Chris_Falter · September 28, 2020, 2:16am

Hi Eric,

You performed the analysis without an outgroup, whereas the non-armchair science practitioners include an outgroup in their analysis.

I do not understand the model well enough to explain why using an outgroup is so important, but my understanding is that it’s considered …

REALLY, REALLY, REALLY

… important.

I would urge you to talk with someone who knows this stuff really well like John Harshman over at Peaceful Science.

Hope this little note proves helpful.

Peace,
Chris

EricMH · September 28, 2020, 10:00pm

Thanks. I added an outgroup random sequence and that appears to have increased the CI score.

Screen Shot 2020-09-28 at 5.57.51 PM

A number of weeks ago I stated that a DAG will generate a phylogenetic signal just as well as an evolutionary tree. You requested I conduct this analysis at the nucleotide level to demonstrate the claim, and I have done so. At this point, I believe I have made my case.

I respectfully request this forum decline to use the phylogenetic signal as an argument for evolution, at least until it is rigorously demonstrated how to eliminate DAGs as an alternate models for real world datasets.

I believe this careful approach fits well with the Biologos mission, since we want to show religion is consistent with good science, not anything cast under the heading of ‘science’ whatsoever.
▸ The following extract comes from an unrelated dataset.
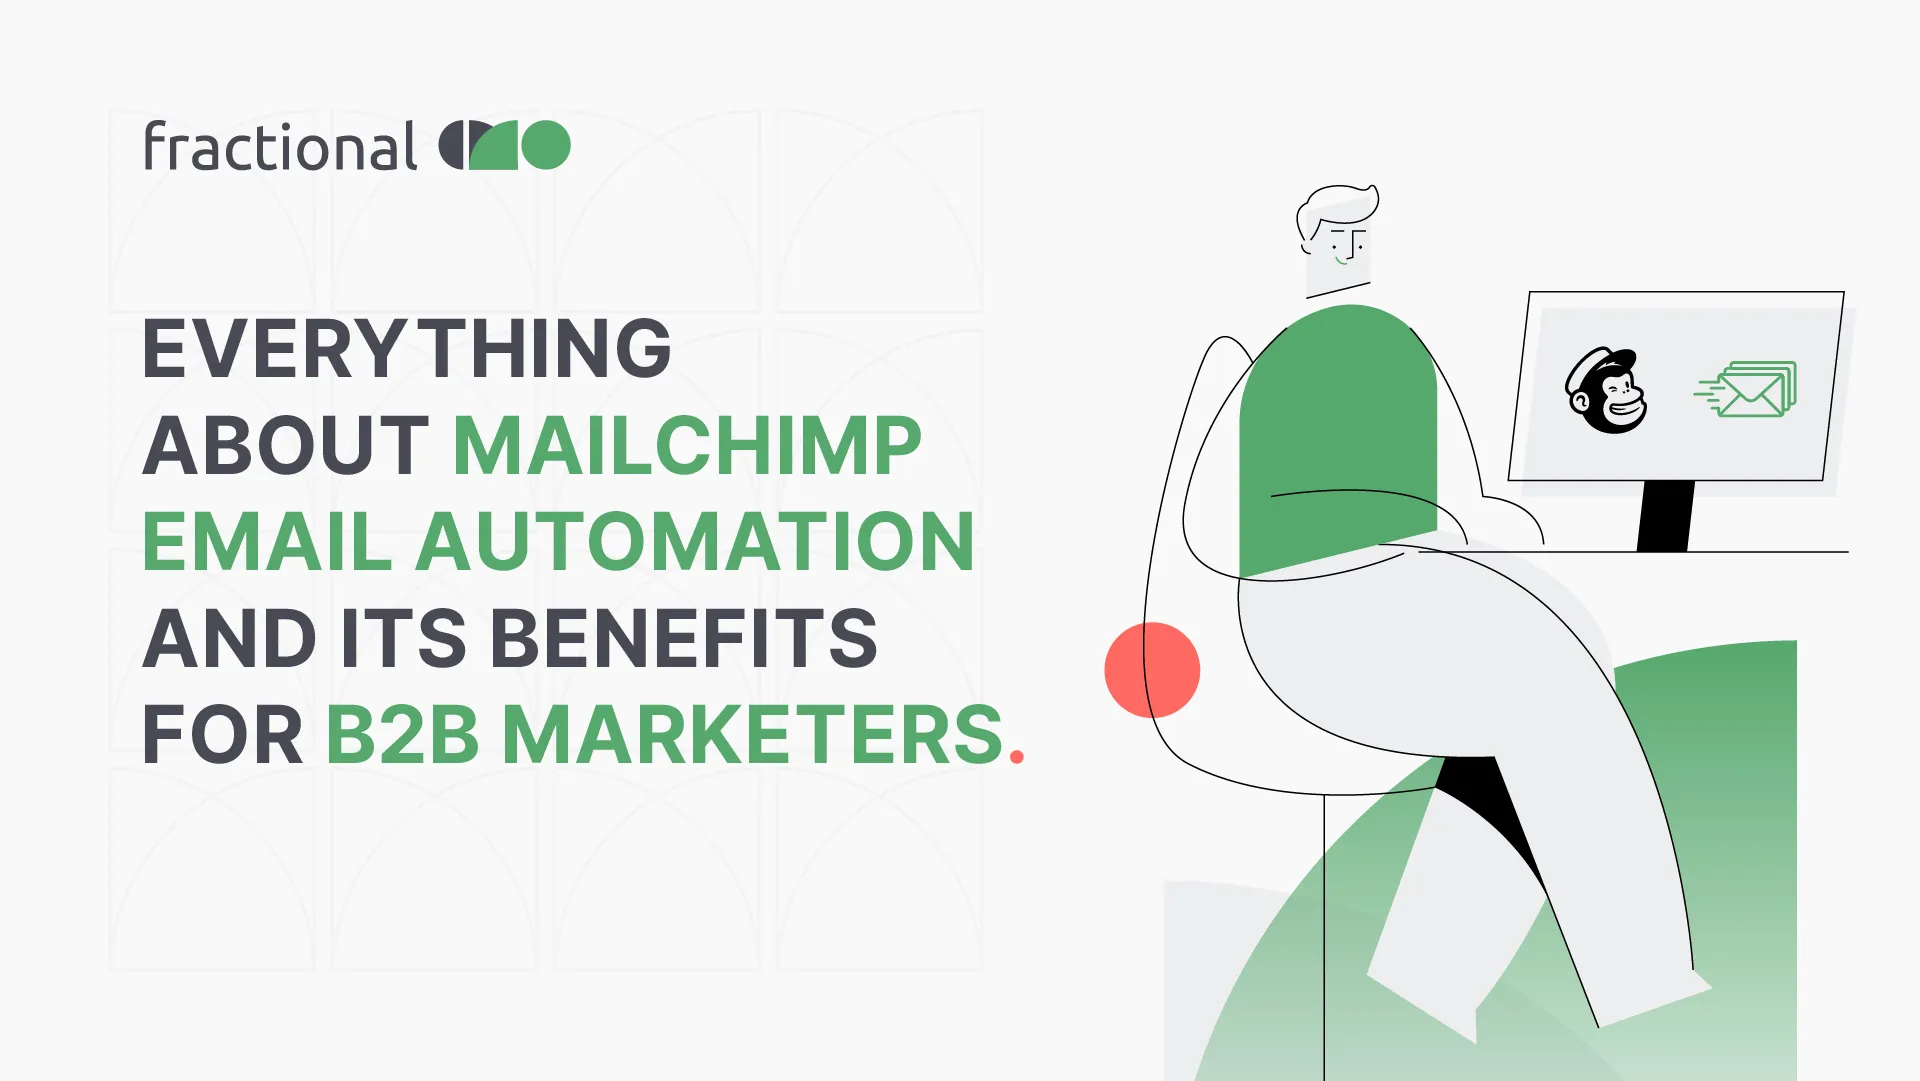 Everything About MailChimp Email Automation and Its Benefits for B2B Marketers

As such, if we happen upon a purported evidence for evolution that does not hold up under scrutiny, it is best to lay it to the side until we reach a more rigorous demonstration of the evidence’s veracity. This is important, because if we wantonly associate ourselves with any and everything called ‘science’ we may associate the Biologos brand with something that becomes publicly discredited, which will in turn cast a shade on the Biologos brand.

Chris_Falter · September 29, 2020, 2:50pm

I respectfully request that you run your analysis through the scientific peer review process before you make overreaching demands of your fellow forum participants.

What do you know about the foundational work and testing on phylogenetic signals that was done prior to your arrival? So far you have not cited a single source.

And this: The fact that you as a self-professed “armchair” scientist think that your unreviewed work gives you the standing to overturn decades of hard work by thousands of biologists is astonishing.

Peace,
Chris

EricMH · September 29, 2020, 9:36pm

I’ve cited multiple sources, primarily the Klassen 1991 chart that the forum participants rely on in all the ‘nested clade’ arguments.

The claim you and others make is phylogenetic signal is strong evidence for evolution. I’ve conclusively proven this wrong. You can provide some alternate evidence to fix your case. Otherwise, your argument is defeated. Simple as that.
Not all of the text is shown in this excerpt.